Saturday, September 8, 2007

Document Retention/Destruction Policy Considerations for Healthcare Entities

[Source: "Current Perspectives on Healthcare Governance: A Roundtable Discussion Among Experts: Part I", AHLA]

Excerpt:

Mr. Silverman: Mr. Levine, what is the most important federal statute that addresses document destruction, and one to keep in mind when a company is designing and implementing its document retention policy?

Mr. Levine: In my view, it is 18 U.S.C § 1519, added to the criminal code by the Sarbanes-Oxley Act of 2002. Any knowing alteration or destruction of material in anticipation or contemplation of any kind of federal matter or proceeding could be obstruction under this law. A criminal investigation need not have started. Indeed, this statute does not require that there be any investigation at all. This covers any civil or administrative agency proceeding too. Moreover, under this statute, it is a crime if you destroy a document "in contemplation" of a possible federal proceeding. This is an incredibly broad statute, the reach of which has not yet been litigated.

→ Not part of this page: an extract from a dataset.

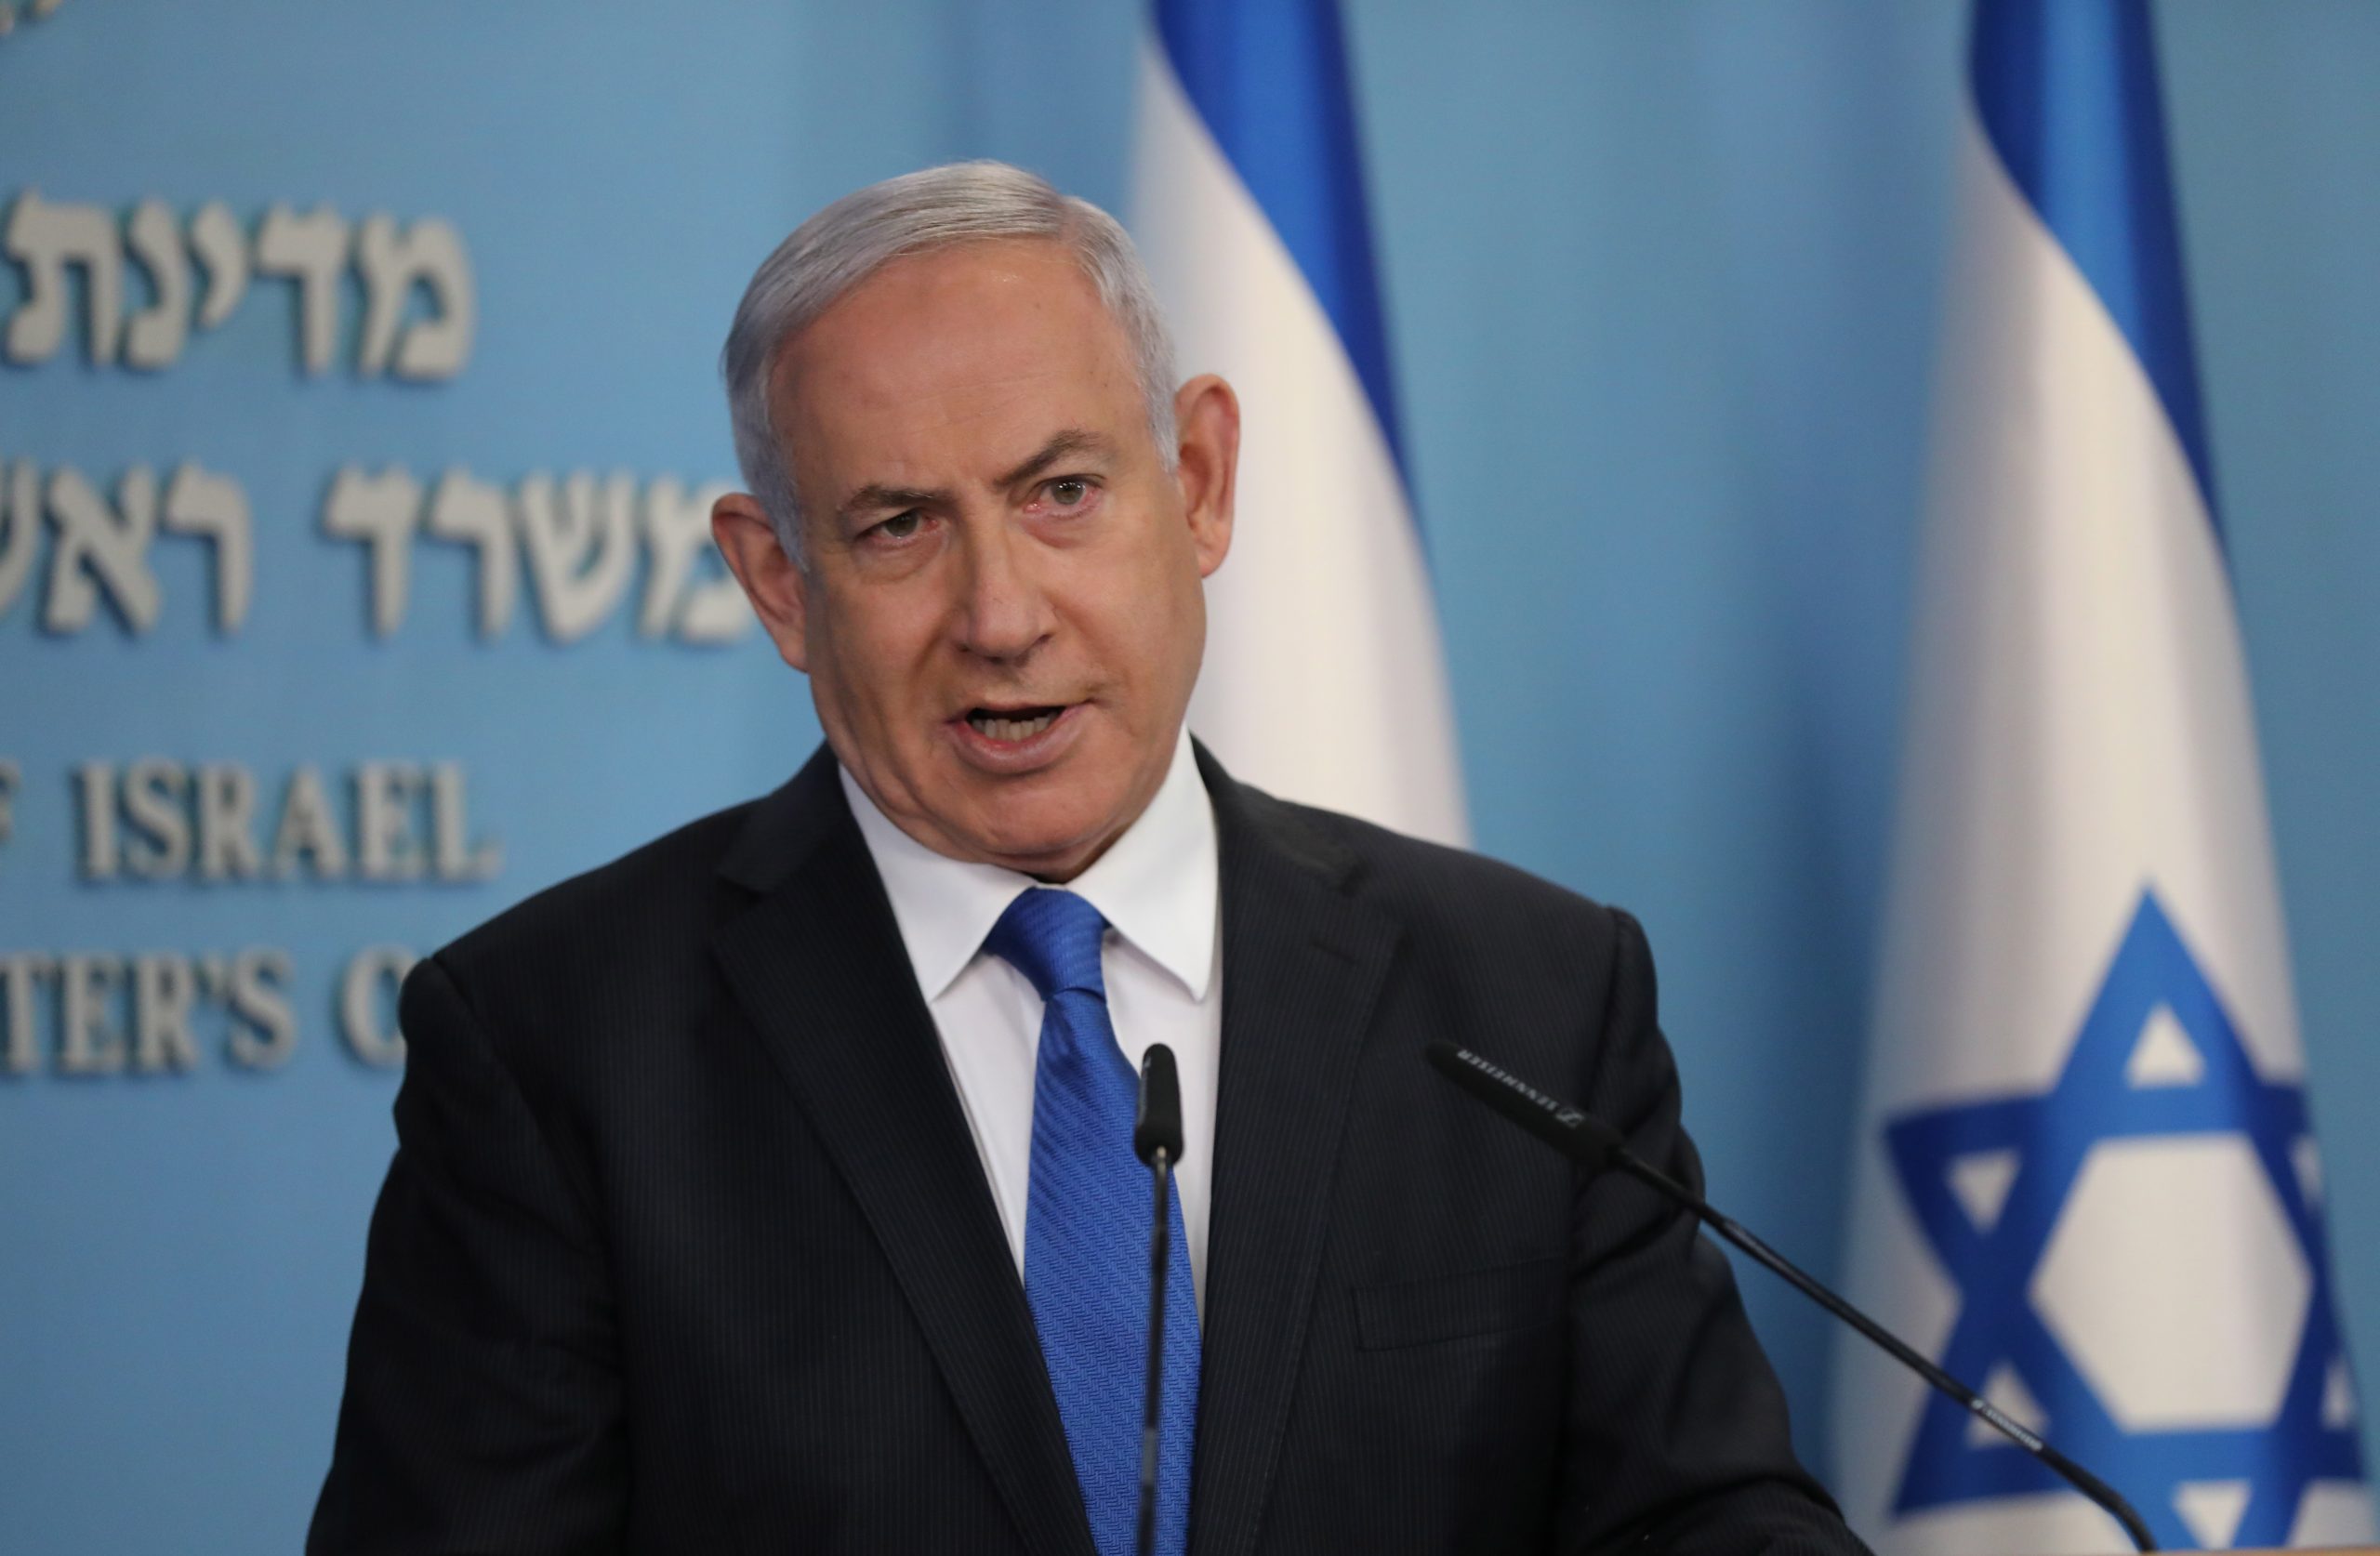 epa08883728 (FILE) - Israeli Prime Minister Benjamin Netanyahu announces a peace agreement to Establish Diplomatic ties between Israel and the United Arab Emirates, at the Prime Minister office in Jerusalem, Israel, 13 August 2020 (reissued 14 December 2020). Israeli media reports on 14 December 2020 state Benjamin Netanyahu, following an epidemiological inquiry, will go into quarantine until Friday, 18 December 2020 after meeting with a verified coronavirus patient. The prime minister underwent corona tests 13 December and 14 December that were found to be negative,  EPA/ABIR SULTAN / POOL *** Local Caption *** 56272312
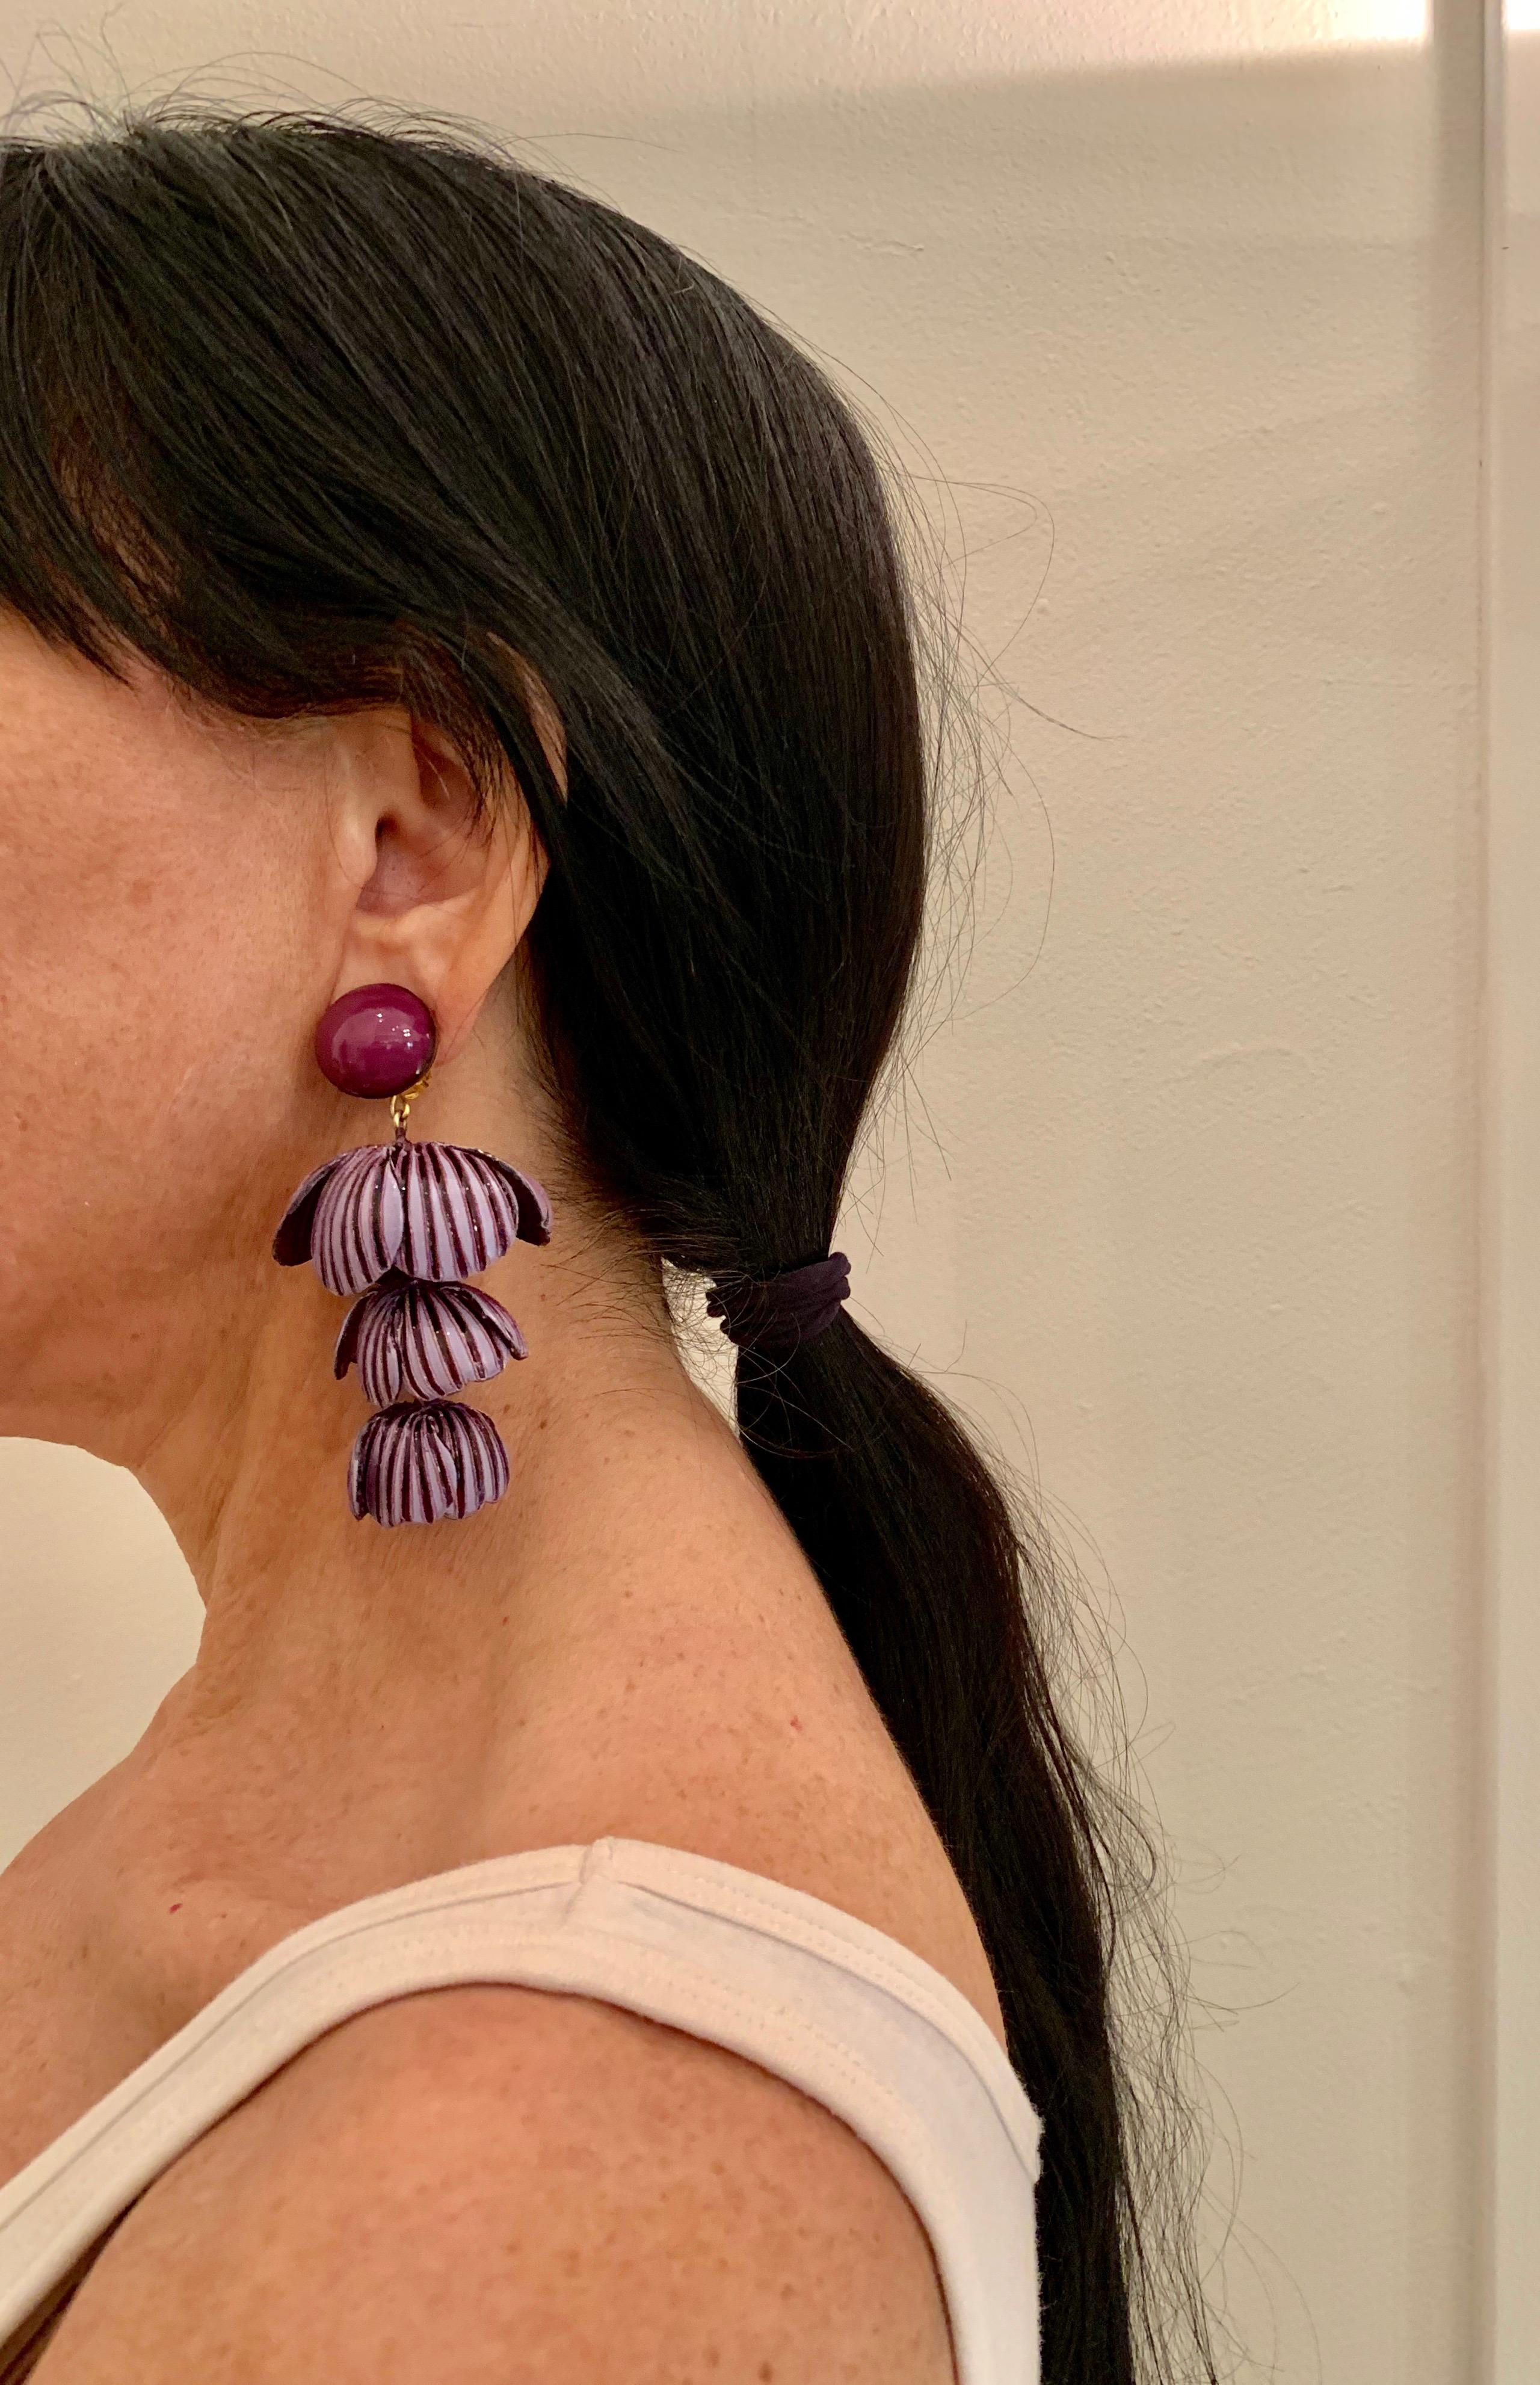 Light and easy to wear, these handmade artisanal contemporary clip-on earrings were made in Paris by Cilea. The lightweight statement earrings feature three rows of architectural enameline (enamel and resin composite) purple flower petals. The

Mr. Silverman: What advice would you give to a company to best design, and implement, a document retention policy?

Mr. Levine: Get a policy in place now, before a crisis erupts in the form of a serious internal investigation and/or government inquiry. Think about the substance of the policy, who the point person for document collection will be, how a "document hold" will actually be implemented, which offsite locations and agents with documents will be contacted, how employees will certify that a good faith search for responsive documents has been made, who in IT will be on the response team, and how employees will be trained about all of the above.

The basic parameters of a document integrity policy include the notion that destruction is not a crime when it is part of an ongoing, legitimate document retention/destruction policy – that's what the Supreme Court said in Arthur Andersen.

BUT the company must preserve material when it has reasonable grounds to believe a government inquiry will be coming OR when it learns of facts, which if known to government, would reasonably lead to government inquiry.

Also keep in mind that, of course, NEVER destroy materials for the purpose of having them unavailable for a government inquiry. Finally, remember that similar issues arise in civil matters. A court finding of "spoliation" of evidence can result in large financial sanctions and a jury being allowed to draw an adverse inference against the company.

Mr. Silverman: Ms. Cornell, do you have any thoughts to add to this from an in-house perspective?

Ms. Cornell: Yes, thanks, Stuart. Designing and rolling out a document retention policy in any company is a significant undertaking. Understanding the paper and electronic documents that are filed on site, are stored off site, and exist in electronic files and backup tapes for each and every department in the organization and then setting up schedules for appropriate document destruction (following contractual obligations and state/federal requirements) is a significant challenge. As Ron suggests, a company can destroy documents on an ongoing basis if it is following a legitimate policy. And honestly, companies are setting up these policies not only because of concerns about possible litigation and investigations, but also to reduce the significant costs to maintain and store the volumes of paper and electronic materials. However, to be a real legitimate process that will stand up under scrutiny there must be an ongoing process and commitment to clear out files. And the process must be alive; people must be accountable in the organization. Otherwise, despite best intentions, a decision to clean out files in the absence of a policy and ongoing practice, could be very problematic in the wrong place at the wrong time.